Plaintiff argues that Seabourn was acting within the scope of his employment because he was seeking entertainment; that entertainment is essential to a soldier's morale; and that proper morale is necessary to the maintenance of efficiency in the armed forces. To support her position plaintiff relies on a recent Ninth Circuit case, Murphey v. United States, 179 F.2d 743, in which, by a two to one decision, the Court of Appeals reversed a District Court judgment in favor of the United States. This decision, of course, is binding on this court if the facts in the instant case fall within its framework. Unfortunately, there is one essential difference which forces the court to conclude that plaintiff's action must fail.

In the Murphey case a soldier negligently drove an army vehicle onto a narrow bridge in the face of an oncoming group of pedestrians, thereby causing one of them to fall to her death. There, as here, the sole question was whether the soldier was acting within the scope of his employment at the time. In holding that he was, the two-judge majority relied on the following facts. Twenty Air Corps soldiers staffed a radar post about three miles from the small town of Klamath, Oregon, which was their only available source of entertainment. Under the authority of the commanding officer pursuant to Army Regulations 700-105(28), a truck was provided for nightly visits to Klamath for the men's entertainment. The pertinent Regulation provides that Army vehicles may be used by special direction of the Commanding Officer for transporting personnel in connection with authorized, organized and supervised recreational welfare and morale building activities. Once the men reached Klamath the truck was to be parked by a certain *210 building and left there until time for the return trip. On the night in question this was not done. Instead, the driver, accompanied by another soldier, used it to drive to an Indian ceremonial dance being held two or three blocks from the center of town. The accident happened while they were en route. The District Court was reversed on the ground that the driver's recreational use of the truck for himself, after bringing the other soldiers into town, was a military employment because it was as important to the United States to maintain the morale of one soldier as of many and the Indian ceremonial would fall within the class of "authorized * * * recreational activities" as certainly as would motion picture shows or dances. The court cautioned, however, that it was here concerned only with specifically allowed amusements and that its decision did not mean that "in any case where the soldier is on a frolic of his own he can make the government liable simply because he there found entertainment."
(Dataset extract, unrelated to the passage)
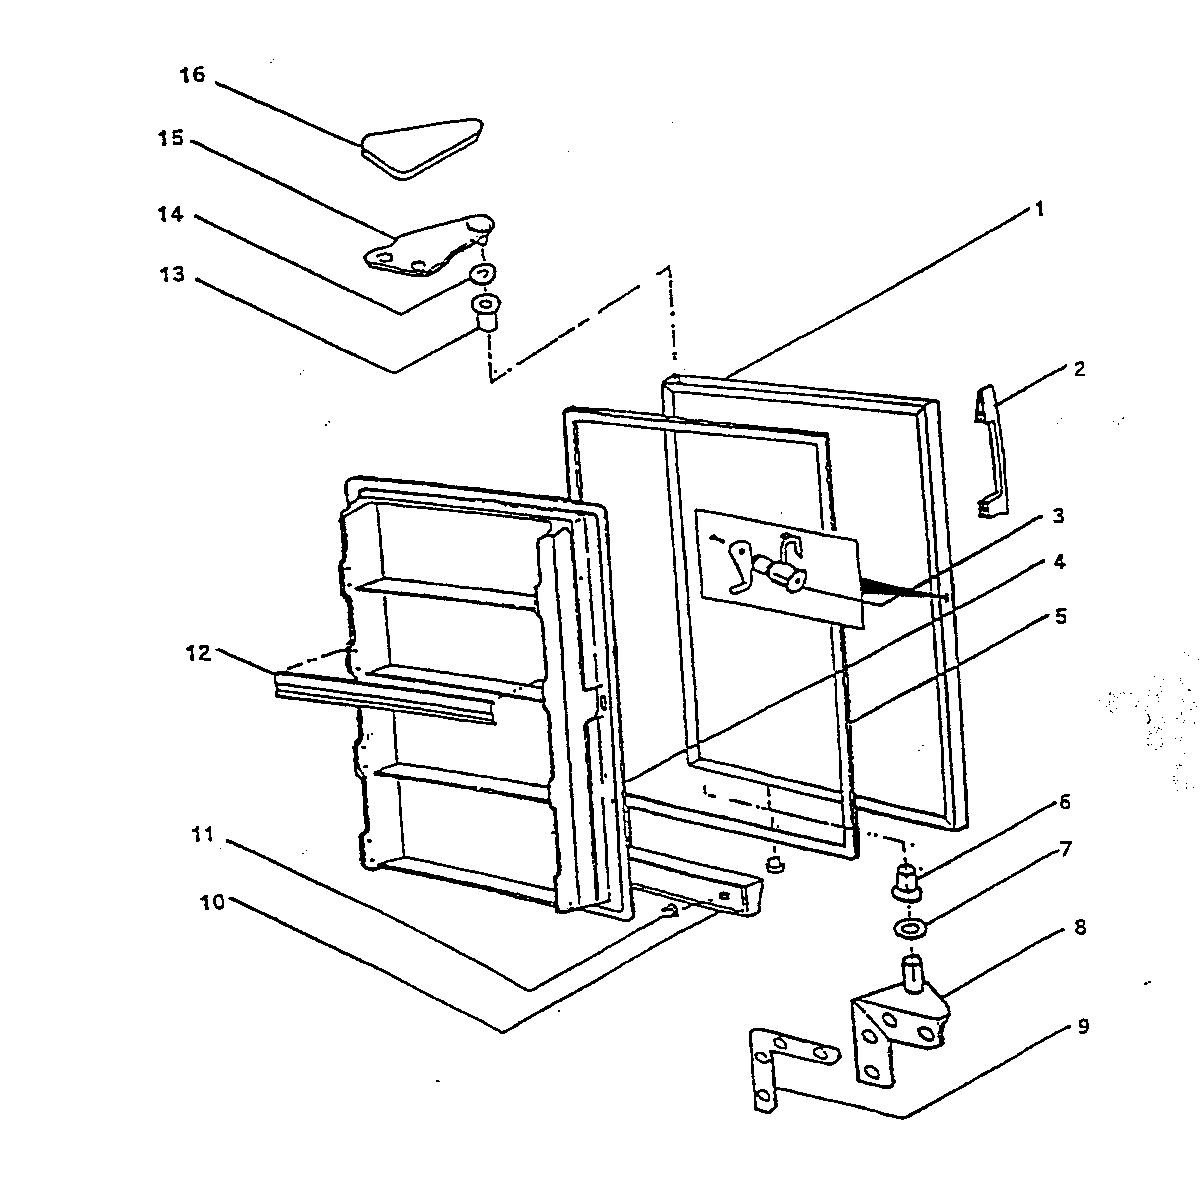 Wc-Wood model V20NAB upright freezer genuine parts

Clearly in the present case Seabourn was on a frolic of his own. His use of the weapons carrier was not for the purpose of transporting personnel, under the special direction of his Commanding Officer, for any purpose authorized by the Regulation, nor was it incidental to such use. On the contrary, he used it as he might his private automobile in seeking personal entertainment. This was a use contrary to the express purpose of the trip ticket and one not authorized by any of his superior officers. To hold that in so doing he was acting within the scope of his military employment would be an unwarranted extension of the term for which even the liberal construction in the Murphey case would not be authority.

In accordance with the foregoing, therefore, it is by the court

Ordered that there be entered herein, upon findings of fact and conclusions of law, judgment in favor of the defendant and that the respective parties bear their own costs.